### ABOUT THIS TASK
In the listing below, find the line with "Größenvergleich Schildkröte Mensch Stockfoto" and copy every line from there up to and including the line with "Συνάντηση του πρέσβη", exactly and without pictures.

### DATA FOR PROCESSING
----
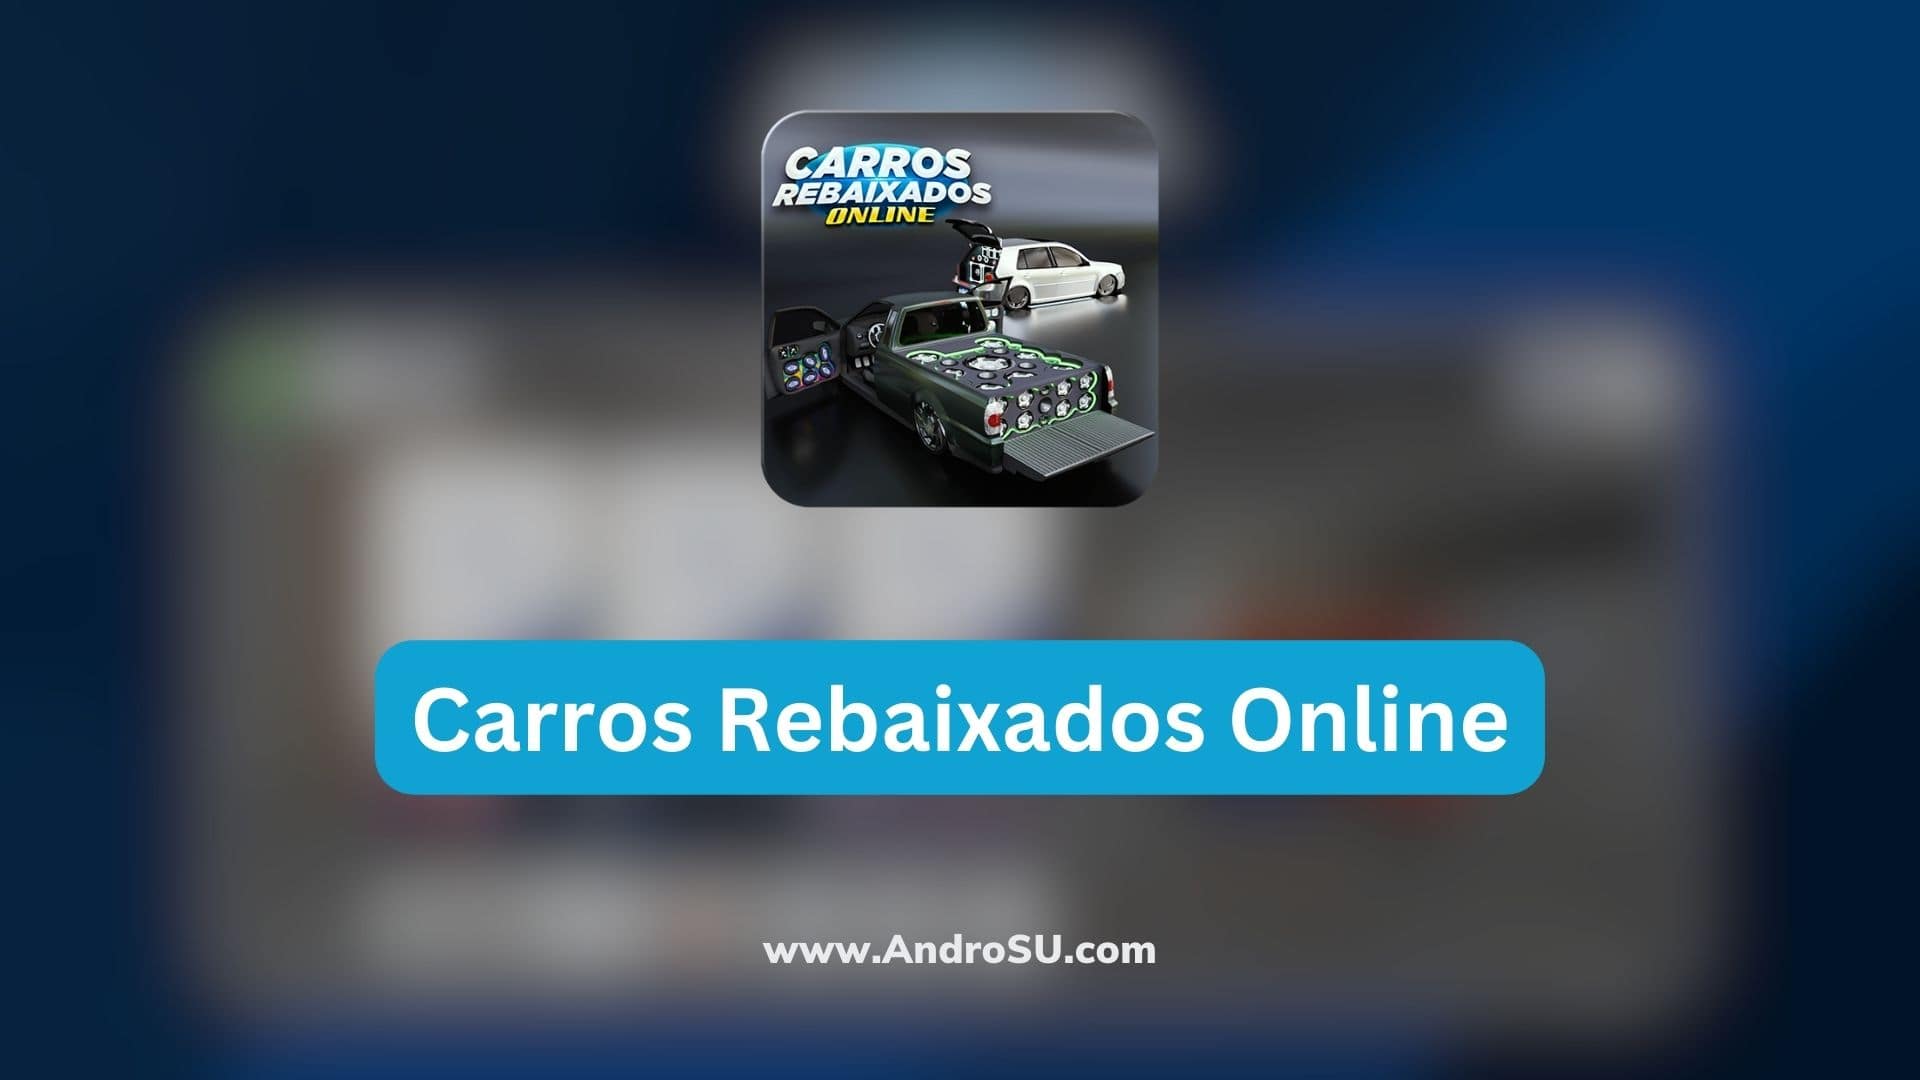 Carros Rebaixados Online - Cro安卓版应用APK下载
----
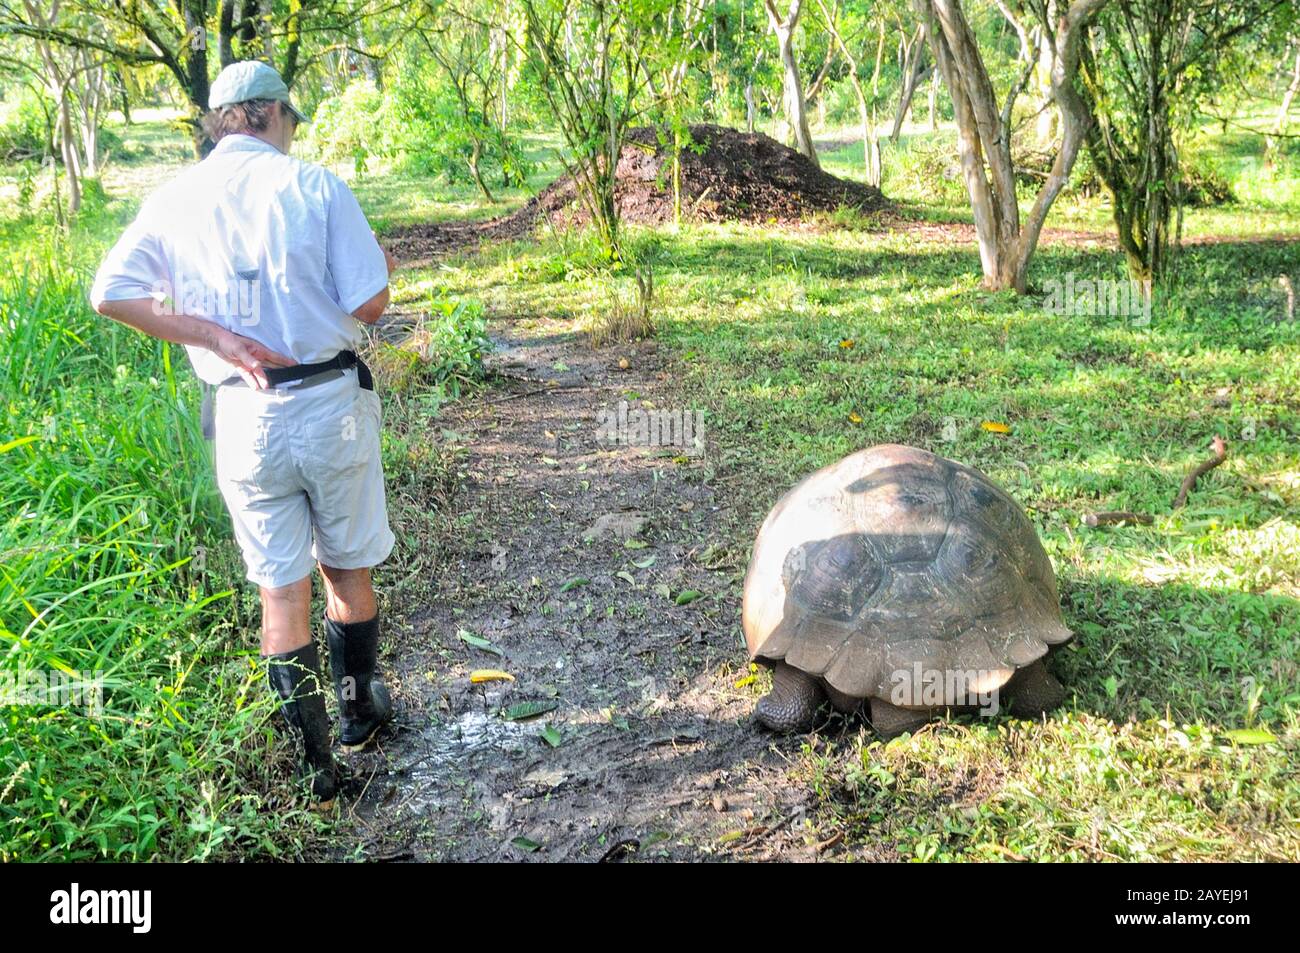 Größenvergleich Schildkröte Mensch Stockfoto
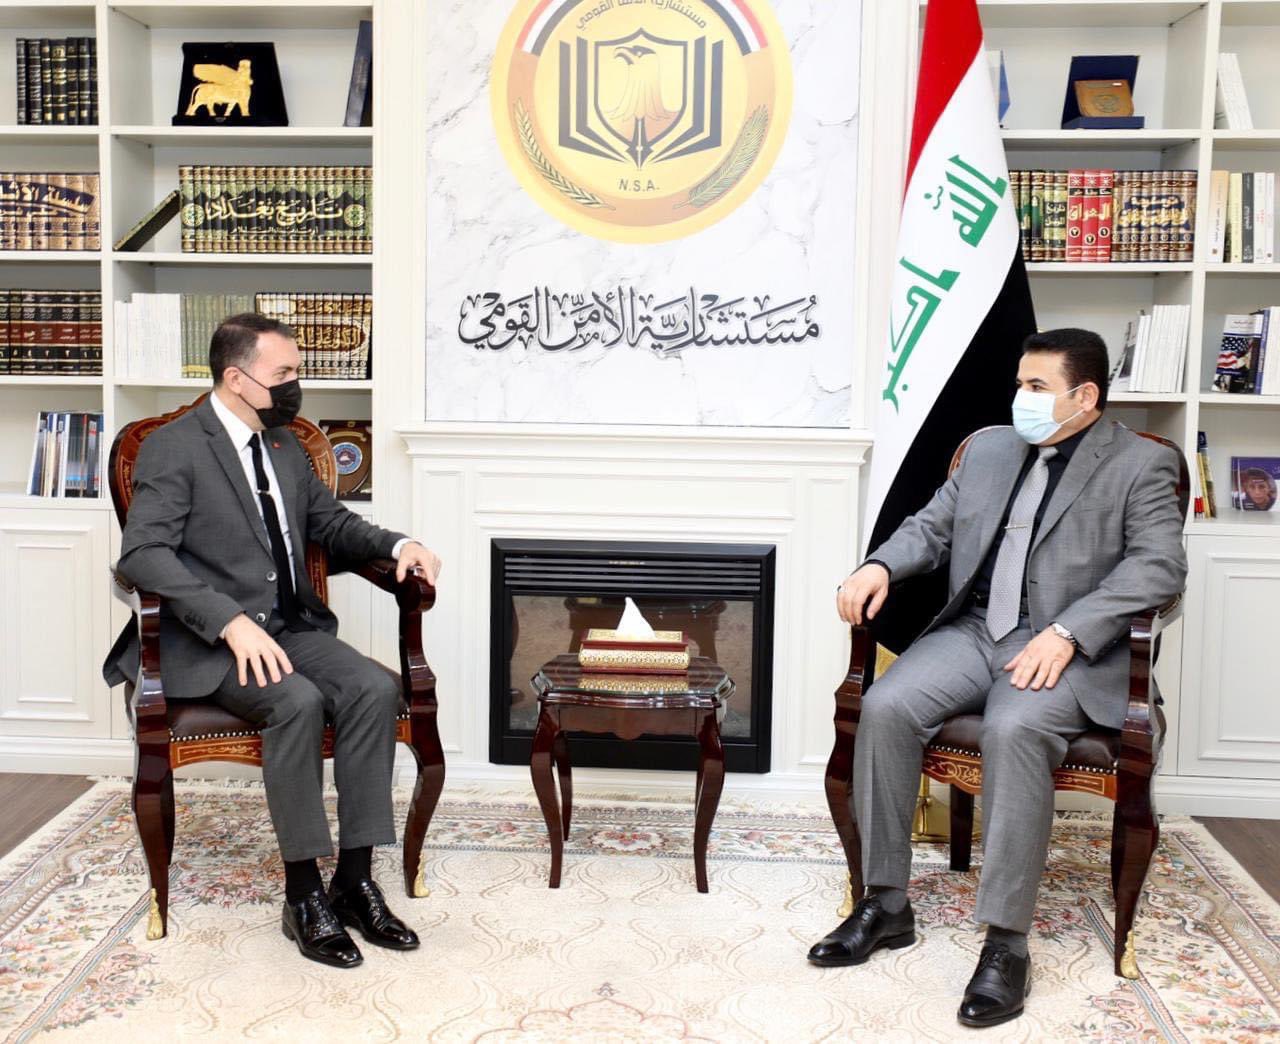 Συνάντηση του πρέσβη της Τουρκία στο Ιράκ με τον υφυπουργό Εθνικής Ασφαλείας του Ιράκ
----
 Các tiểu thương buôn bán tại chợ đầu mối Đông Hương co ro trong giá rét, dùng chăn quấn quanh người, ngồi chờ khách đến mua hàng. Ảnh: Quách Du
----
### TASK OUTPUT
 Größenvergleich Schildkröte Mensch Stockfoto
 Συνάντηση του πρέσβη της Τουρκία στο Ιράκ με τον υφυπουργό Εθνικής Ασφαλείας του Ιράκ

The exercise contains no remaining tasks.